La verdad, no tenía tiempo para discutir con ella.
Tenía que llamar al hotel y preguntar si Pedro había dejado algún mensaje. Cuando marcó el número, se preguntó si a Pedro no le extrañaría que ella nunca estuviera allí.
—Sí, señorita Chaves, el señor Alfonso ha dejado dicho que lo llame lo antes posible. Ha dejado su número.
Paula lo anotó y dio las gracias. Ella ya se sabía de memoria el número de teléfono de su casa y de Alfonso and Bernard.
Pero, en vez de llamarlo directamente, Paula sacó las notas que había sacado del diario y comenzó a estudiarlas.
Mecánico. Ése era el número de teléfono del mecánico de Pedro. Paula tuvo un mal presentimiento, confirmado cuando llamó a Pedro.
—Paula, te he llamado para decirte que mi coche va a estar en el taller hasta el martes. Un cortocircuito se ha cargado todo el sistema eléctrico. ¿Podría pedirte un favor?
—Claro —le contestó, sabiendo lo que le iba a pedir.
—Odio tener que decir esto, pero ¿podrías ir a la exposición en tu coche?
“Dile que estás enferma. Empieza a reírte a carcajadas y dile que qué coincidencia, que el tuyo también está en el taller. De todas formas, es donde debería estar. Dile que ya quedarás con él en otra ocasión”.
—¿A qué hora quieres que vaya a buscarte?
Pedro le comunicó la dirección de su casa, una zona plagada de jóvenes profesionales.
—¿A las ocho y media? Estaré preparado.
Paula colgó el teléfono y se tapó la boca con las manos.
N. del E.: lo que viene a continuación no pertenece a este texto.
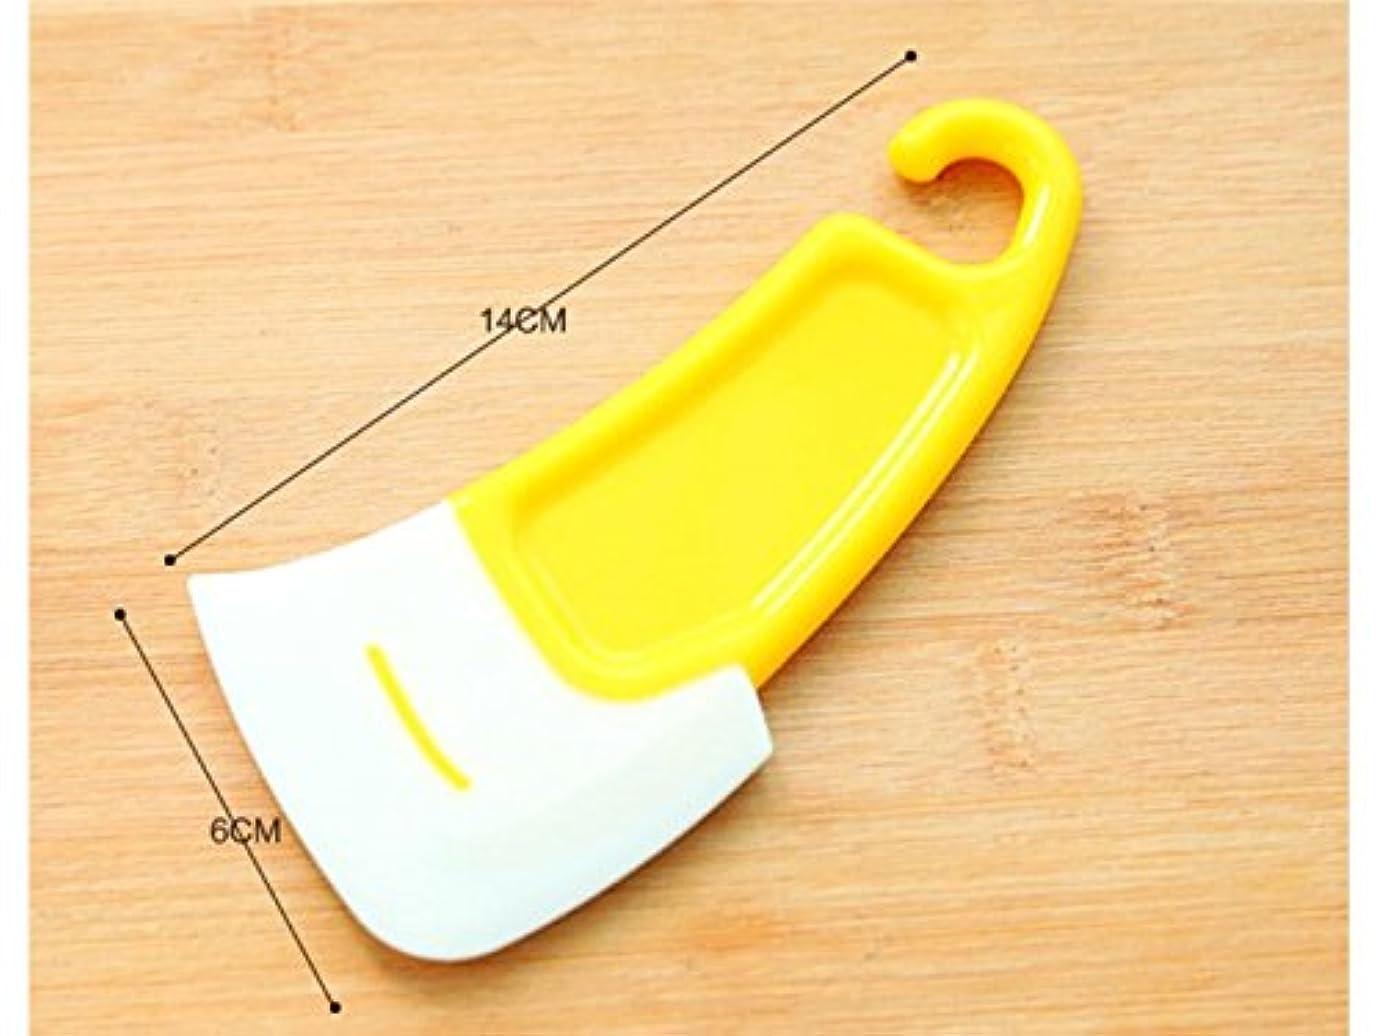 ソース然とした設計図Oside キッチンクリーニングブラシシリコンスクレーパーノンスティックオイルスクレーパーブラシポットツール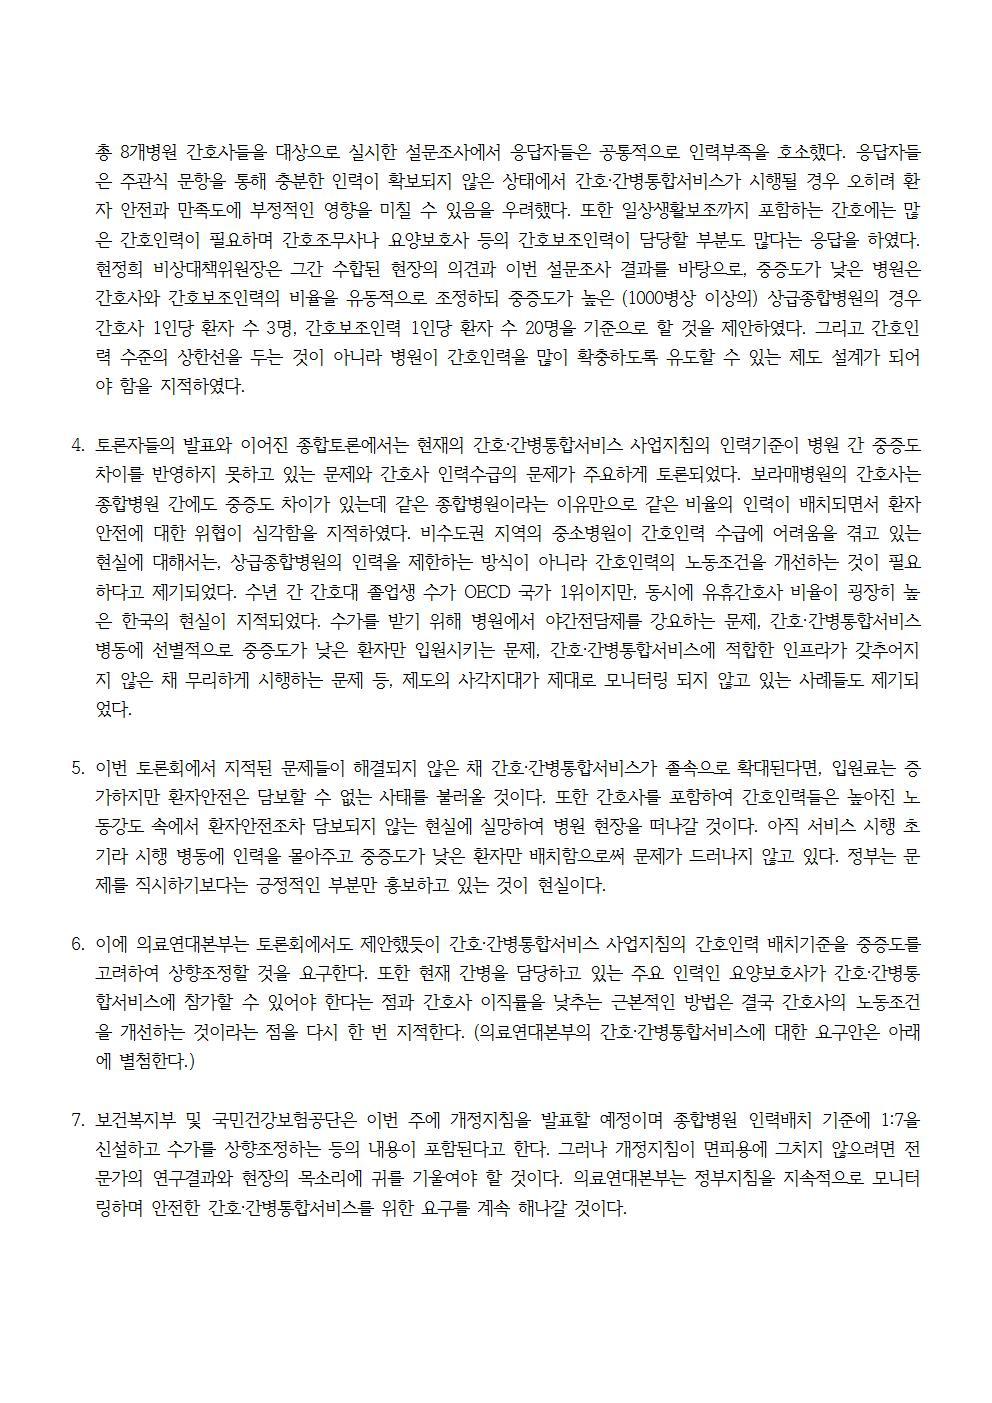 [보도자료] 0829 국회토론회002.jpg

Aquello iba a ser un verdadero desastre.
—Paula, mira lo que... ¿qué ha pasado? —le preguntó Connie cuando la vio—. ¿Te ha llamado para decirte que no podía ir?
—No. Tiene su coche estropeado y quiere que le lleve yo.
—¿Y qué hay de malo en ello?
—¿Que qué hay de malo en ello? —dijo Paual, su voz alcanzando casi el punto de histerismo—. ¿Te has fijado en mi coche? No puedo ir con esa castaña a ninguna parte.
—Alquila una limusina, entonces. Eso sería divertido.
—Alquilar una limusina. No voy a ningún baile de gala.
—Alquila un coche —dijo Connie y desapareció de nuevo.
Alquilar un coche. Tan simple. Paula se calmó un poco.
El problema era que Pedro pensaba que tenía un Mercedes gris.
Pues tendría que alquilar un Mercedes gris.
CENICIENTA: CAPITULO 22
—¡Paula! —Pedro la llamó desde la otra punta del patio de la universidad.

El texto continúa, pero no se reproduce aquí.